The total work consumed comes from ATP hydrolysis. If $N$ is the number of ATP cycles in a time $t$ and $E$ is the energy per ATP, then

\[P_{\text{consumed}} = \frac{W_{\text{consumed}}}{t} = \frac{N E}{t} = R E,\]

where

\[R = \frac{N}{t}\]

is the rate of ATP hydrolysis (ATP molecules per second).
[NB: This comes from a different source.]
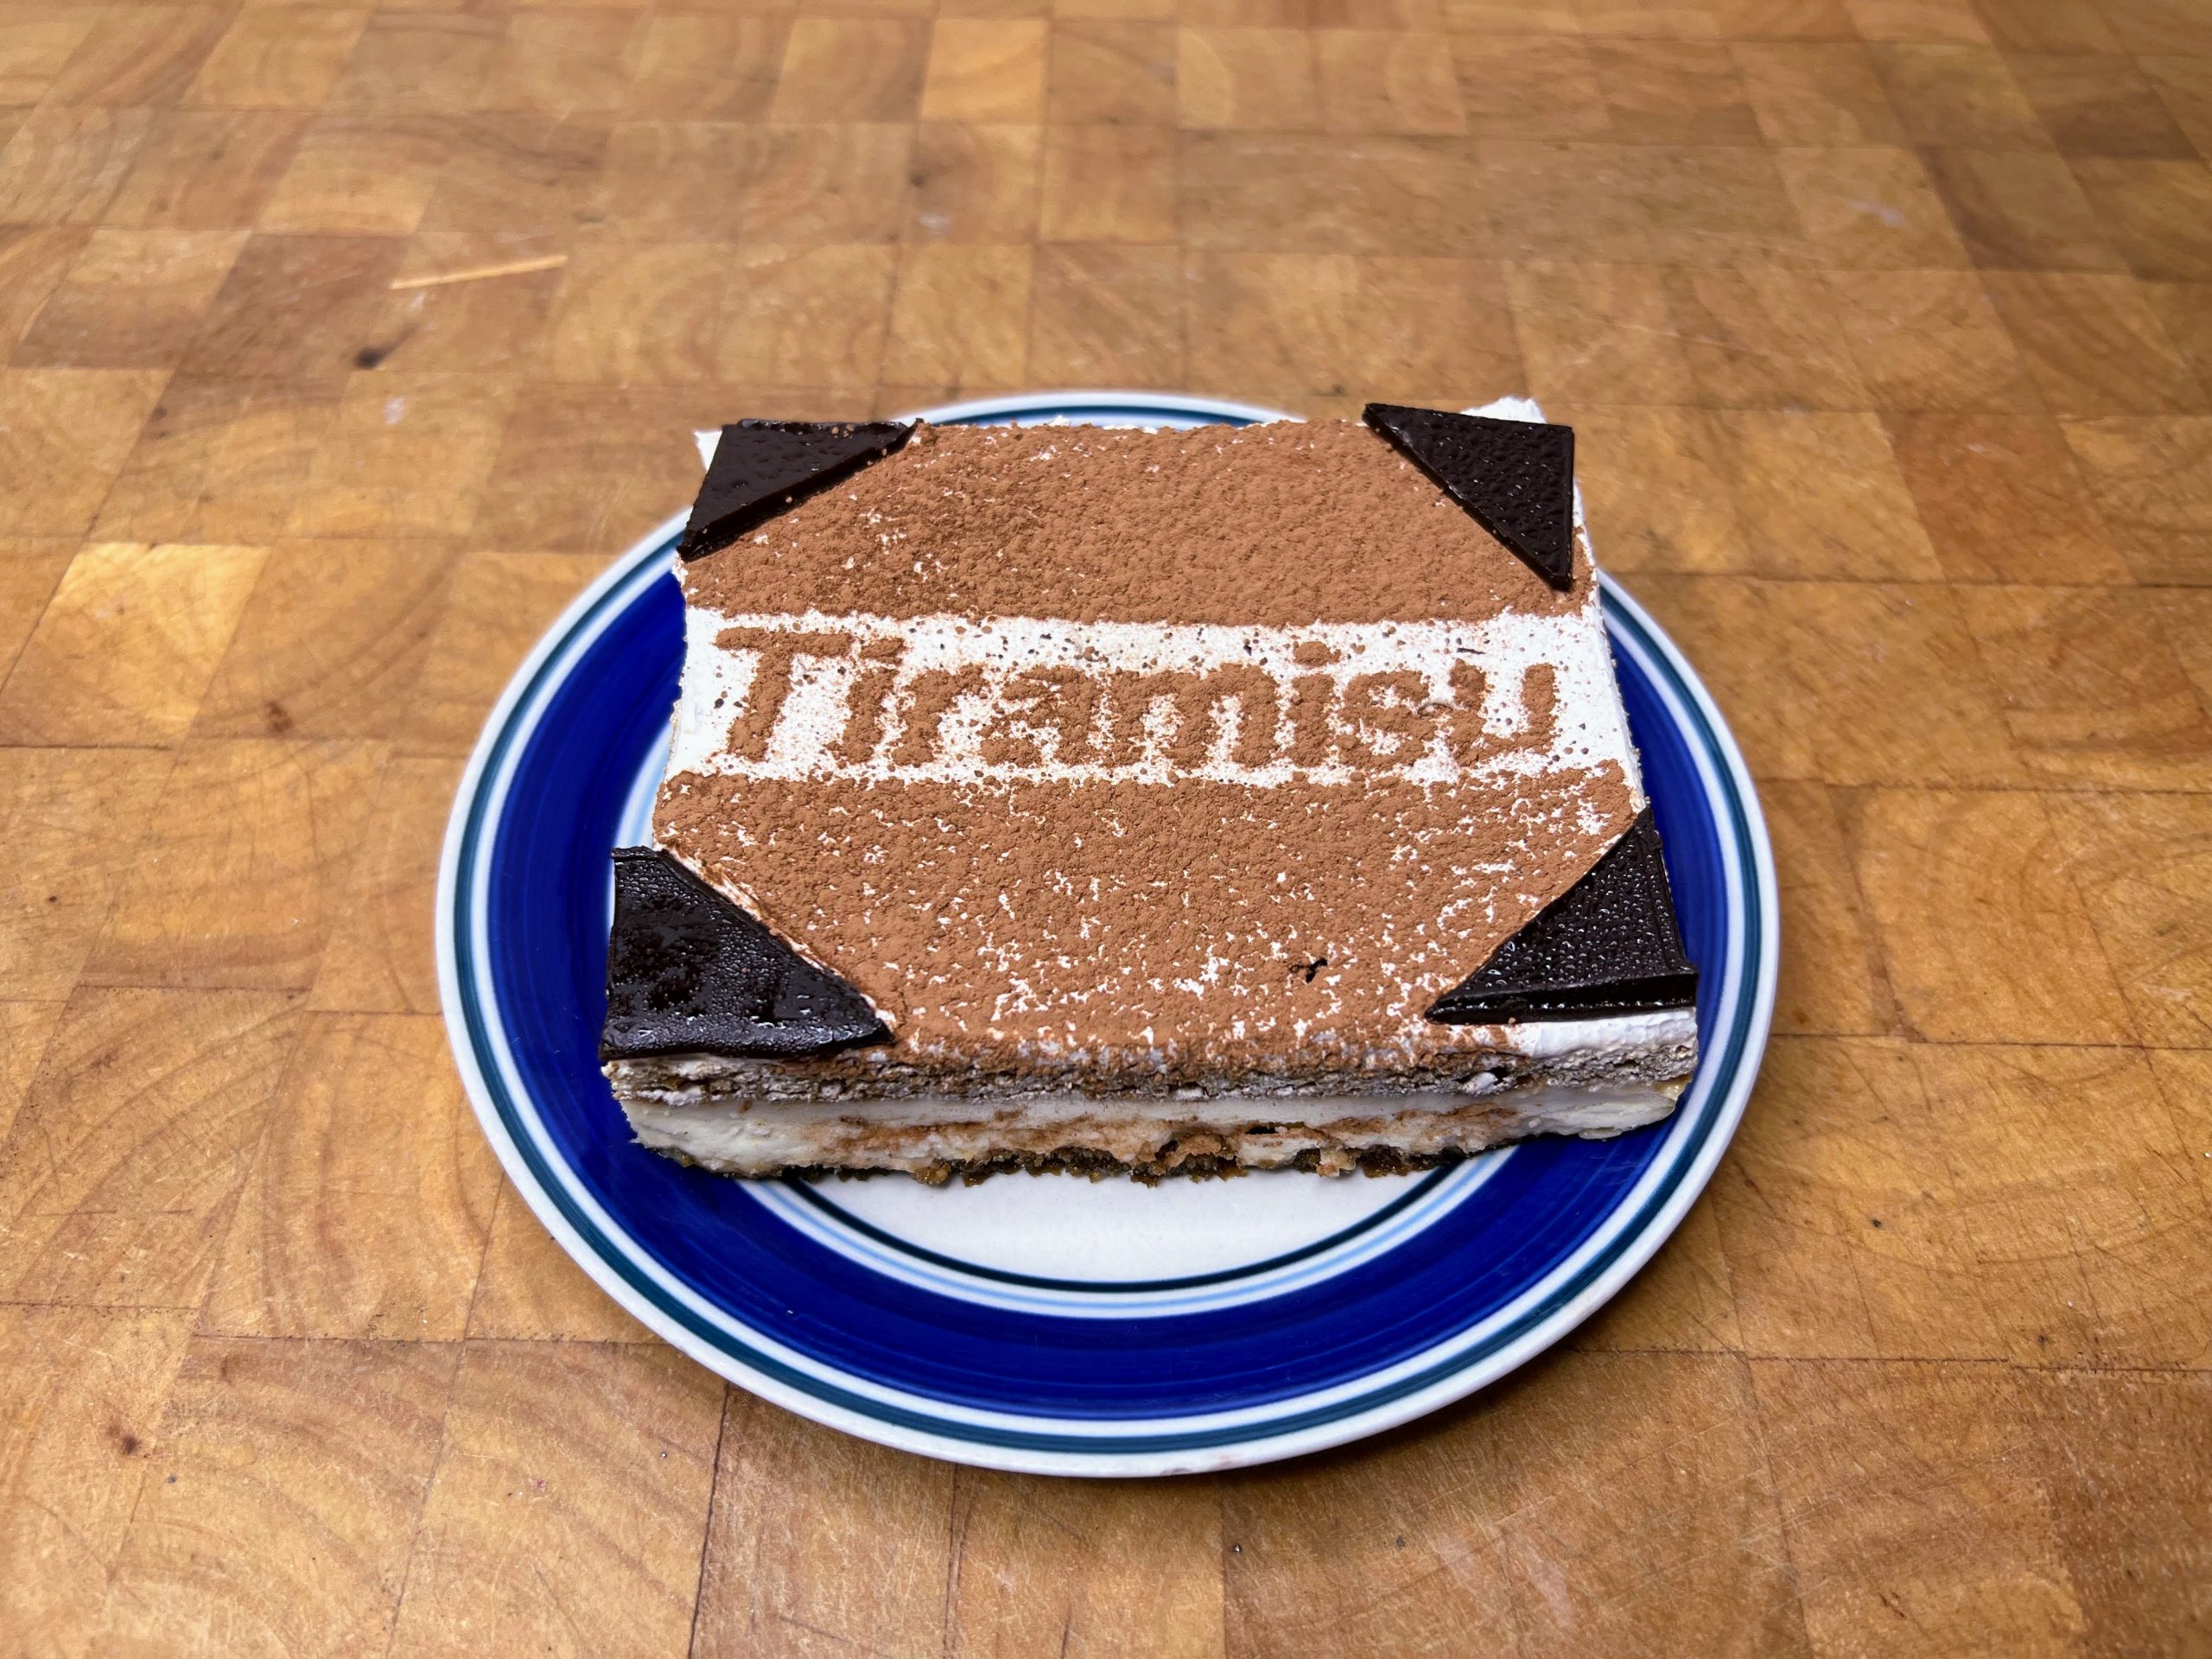 tiramisu on a blue plate on a wooden table

Since the vesicle moves with approximately constant velocity, the net force is zero: the forward motor force equals the viscous drag. The mechanical power produced by the vesicle is

\[P_{\text{produced}} = \frac{W_{\text{produced}}}{t} = \frac{F d}{t} = F v,\]

where $F$ is the magnitude of the force exerted by the motor and $v$ is the speed.

Rate of ATP hydrolysis $R$ from average velocity $v$

The average velocity is

\[v = \frac{d}{t}.\]

If $N$ is the number of ATP cycles and $s$ is the step size of the motor, then $d = N s$ and

\[v = \frac{N s}{t} = R s.\]

Thus,

\[R = \frac{v}{s}.\]

Important: use SI units.

Step size in meters ($1\ \text{nm} = 10^{-9}\ \text{m}$)
$v$ in m/s (convert from $\mu\text{m/s}$, etc.)

Coefficient of viscosity $\mu$ from average radius $r$

The viscous drag force on a slowly moving spherical particle is given by Stokes’ law:

\[F_{\text{viscous}} = 6 \pi \mu r v,\]

where

$r$ – average radius of the vesicle
$v$ – terminal (steady) velocity
$\mu$ – dynamic viscosity of the cytosol

From the efficiency relation,

\[e \, P_{\text{consumed}} = P_{\text{produced}},\]

\[e \, R E = F v.\]

Hence

\[F = \frac{e R E}{v}.\]

Using Stokes’ law:

\[\mu = \frac{F}{6\pi r v} = \frac{e R E / v}{6\pi r v} = \frac{e R E}{6\pi r v^2}.\]

Using $R = v/s$ we get

\[\mu = \frac{e (v/s) E}{6\pi r v^2} = \frac{e E}{6\pi r v s}.\]

Again, use SI units for all quantities:

$r$ in meters
$v$ in m/s
$s$ in meters
$E$ in joules per ATP molecule

In this experiment, we cannot distinguish between kinesin and myosin motors, so we compute $\mu$ for both:

Kinesin: $s = 8\,\text{nm}$
Myosin: $s = 10\,\text{nm}$

The calculated values can then be compared with the viscosity of water,

\[\mu_{\text{water}} \approx 8.6 \times 10^{-4}\ \text{Pa·s}.\]

A significantly larger effective viscosity suggests that the cytosol behaves as a more crowded and structured medium than pure water.